Первым, укрывшись за подходящим корневищем, встретил всадников огнём Арсений Малахов. Расстрелял полдиска, а за это время Сергей устроил хорошую позицию в сотне шагов дальше.
Когда заработала короткими злыми очередями «Шкода», не только останавливая преследователей, но и «достав» двоих, Арсений соскользнул по склону и где ползком, где перебежками проскочил мимо товарища и дальше, на полста шагов по следу, протоптанному разведвзводом. Выбрал позицию и просыпал короткую очередь, не столько даже стремясь поразить джигитов, сколько оповещая о готовности «принять вахту». Теперь пришёл черёд отбегать и отползать Сергею.
Затем Хачариди занял позицию и «держал» карателей, пока к спешенным всадникам не подошла подмога, — не меньше взвода автоматчиков, да ещё с двумя «МГ».
Теперь и вести огонь, и менять позицию стало труднее, да как на грех ещё стало светать, и метель почти утихла.

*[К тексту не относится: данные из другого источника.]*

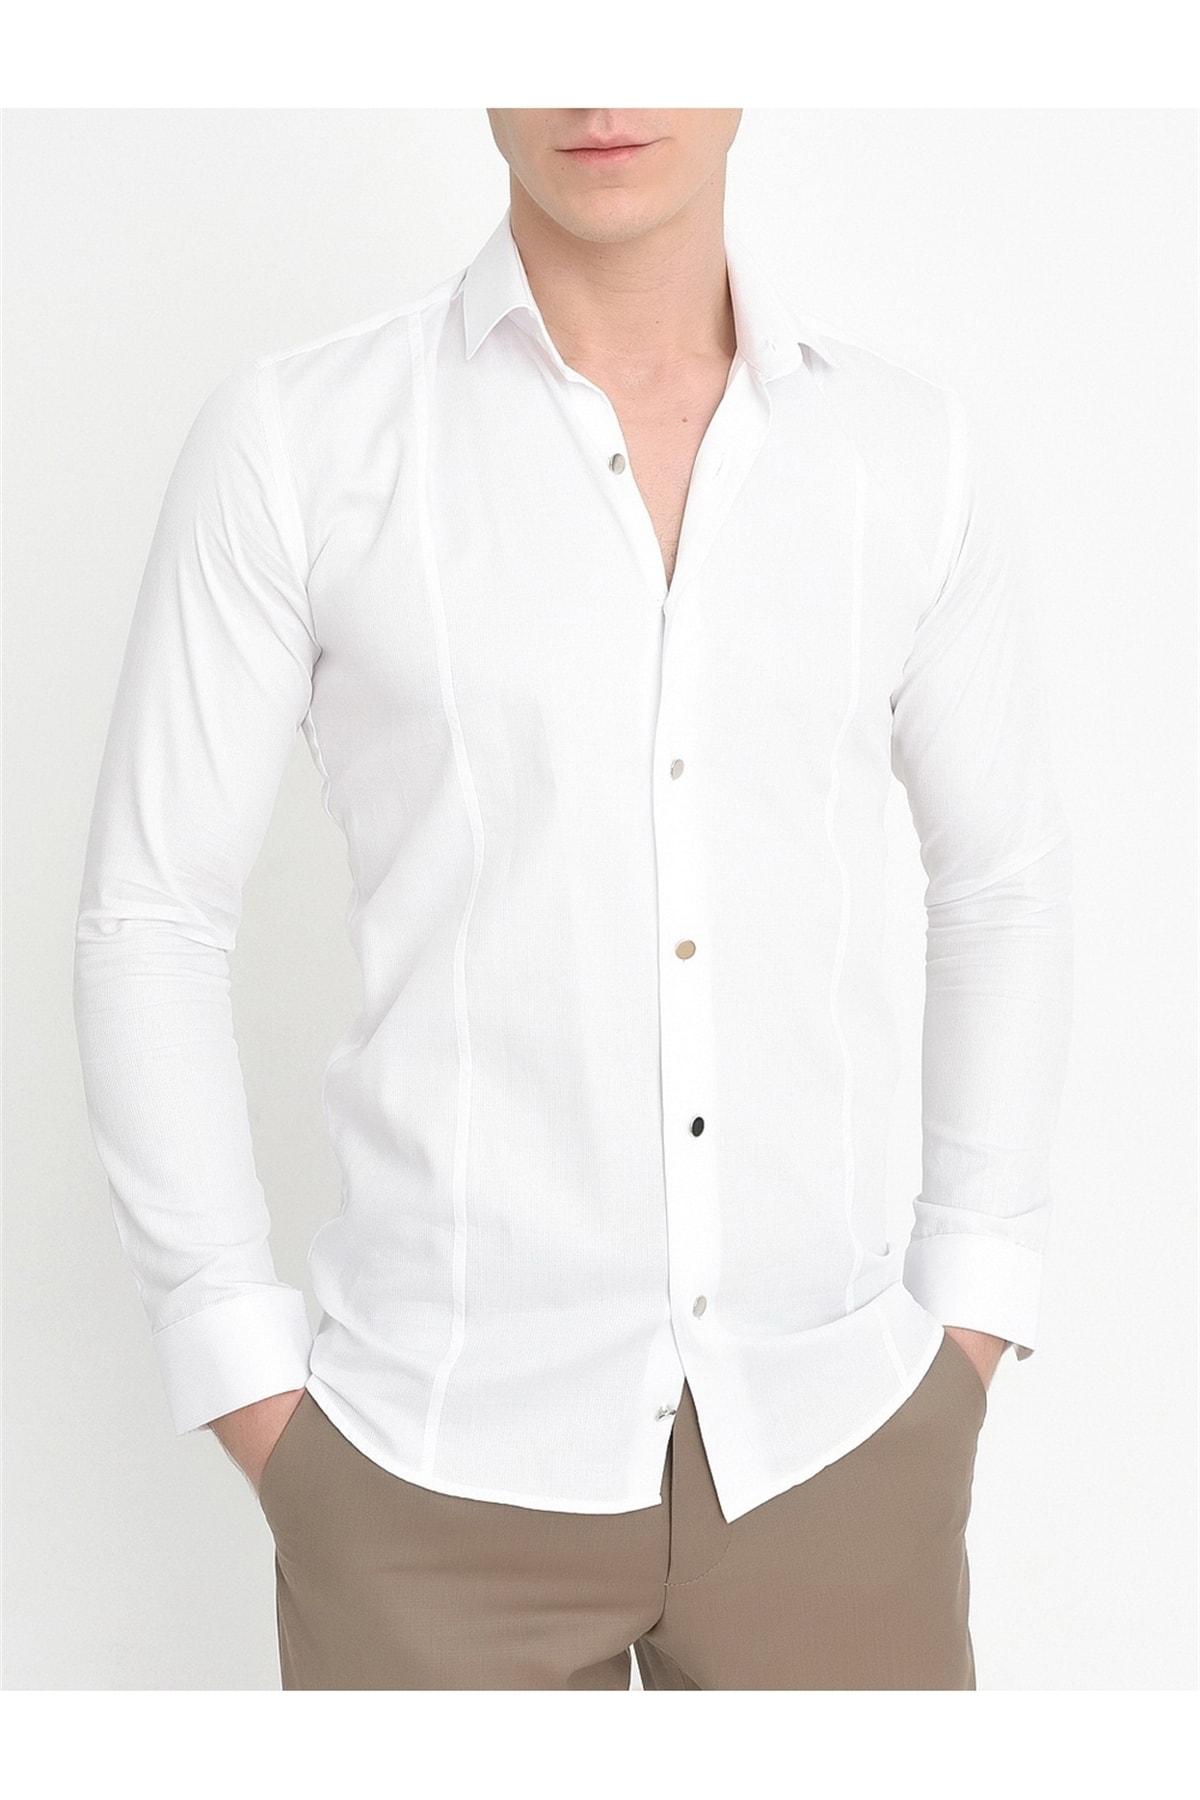 Efor G 1401 Slim Fit Beyaz Spor Gömlek 1

Дважды ещё удалось смениться, сдерживая преследователей. А те — бойцы подготовленные, не иначе как горные егеря, — очень умело использовали естественные укрытия и упорно лезли вперёд и вверх, заходя всё глубже с флангов. Хорошо хоть лес, пусть по-зимнему полупрозрачный, становился всё гуще, и до нижней заставы Третьего отряда уже не так далеко. А там ребята, прикрывающие аэродром, наверняка слышат стрельбу и, если сами не оставят позиций, то пошлют подмогу.
Разведчики, «инвалидная команда» ходячих, с двумя санями лежачих и драгоценного груза, наверняка успеют добраться до места отправки. А вот боевой арьергард…

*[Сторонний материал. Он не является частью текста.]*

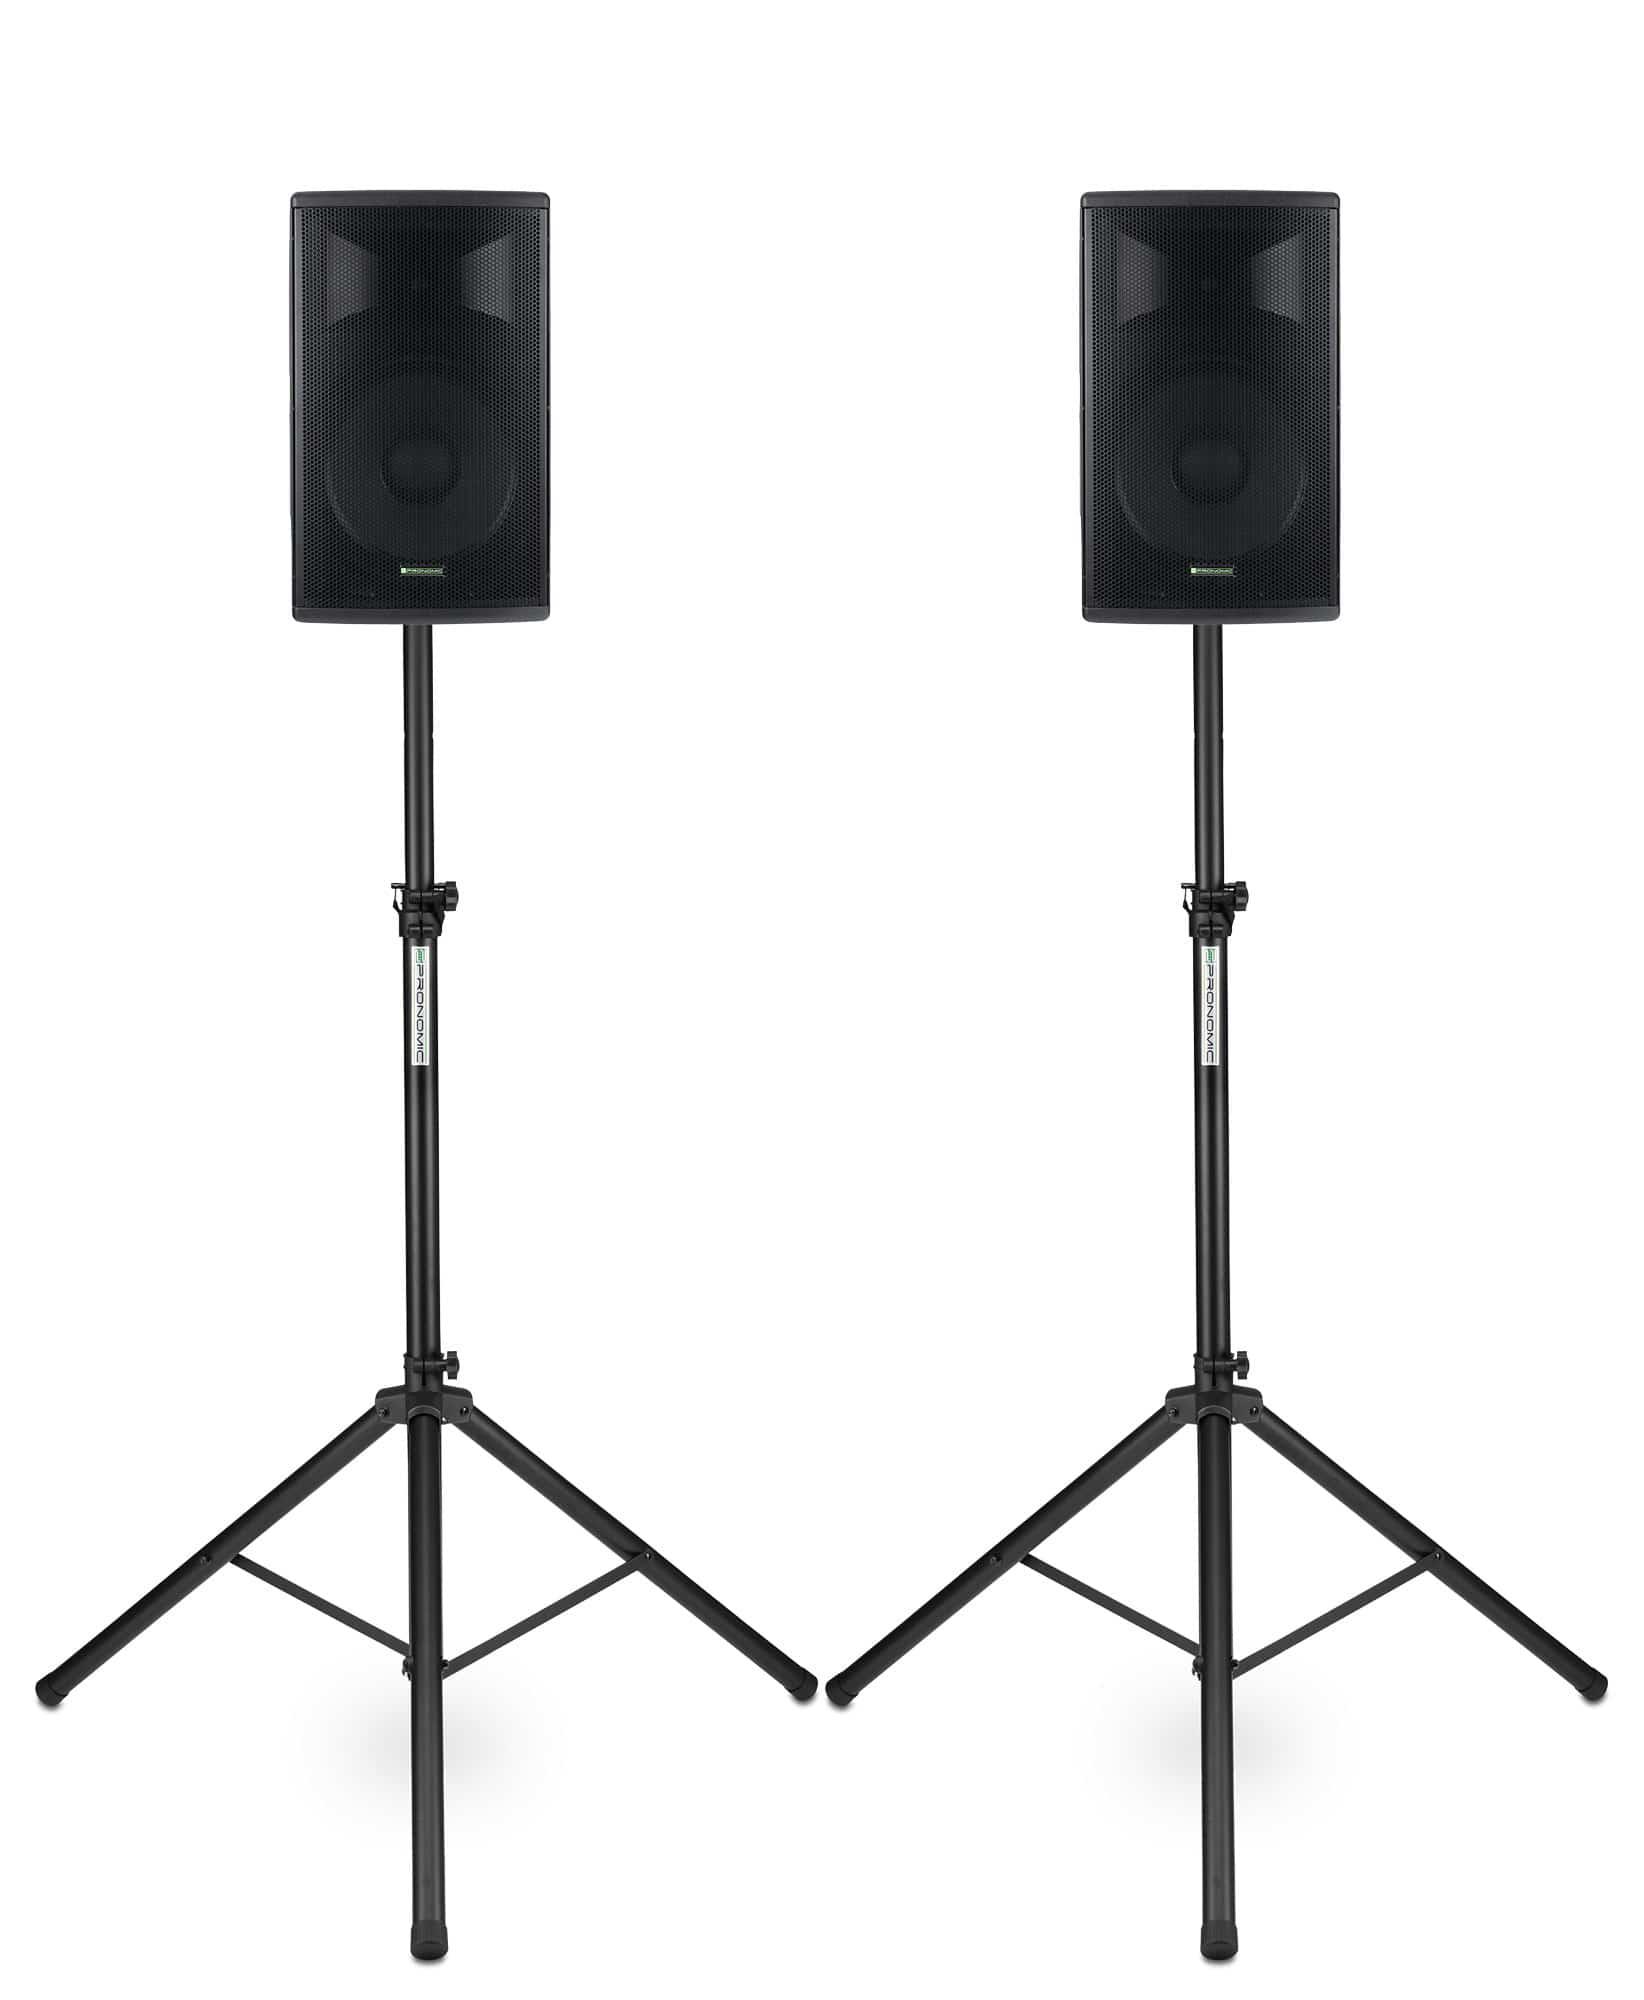 Paboxen - Pronomic E 210 MA 10 Aktivbox 400 Watt Stativ Set - Onlineshop Musikhaus Kirstein

— У тебя сколько осталось? — выдохнул Хачариди, перекатываясь за останец, где укрылся Малахов.
— На две короткие. А ещё «ТТ» и две гранаты. А у тебя?
— Полрожка. И наган, чтоб застрелиться, когда окружат.
— Ладно, мы с тобой заговорённые, давай что поумней придумаем, заместо чтоб стреляться. — буркнул Арсений. Тщательно прицелился и дал короткую, на три патрона, очередь.
Короткую, но точную: гортанный крик пробился сквозь шум ветра и боя.
— Уговорил, — кивнул Хачариди.
Но демонстрировать чудеса своей меткости не стал, а вынул из заплечного мешка две немецкие гранаты на длинных деревянных рукоятках.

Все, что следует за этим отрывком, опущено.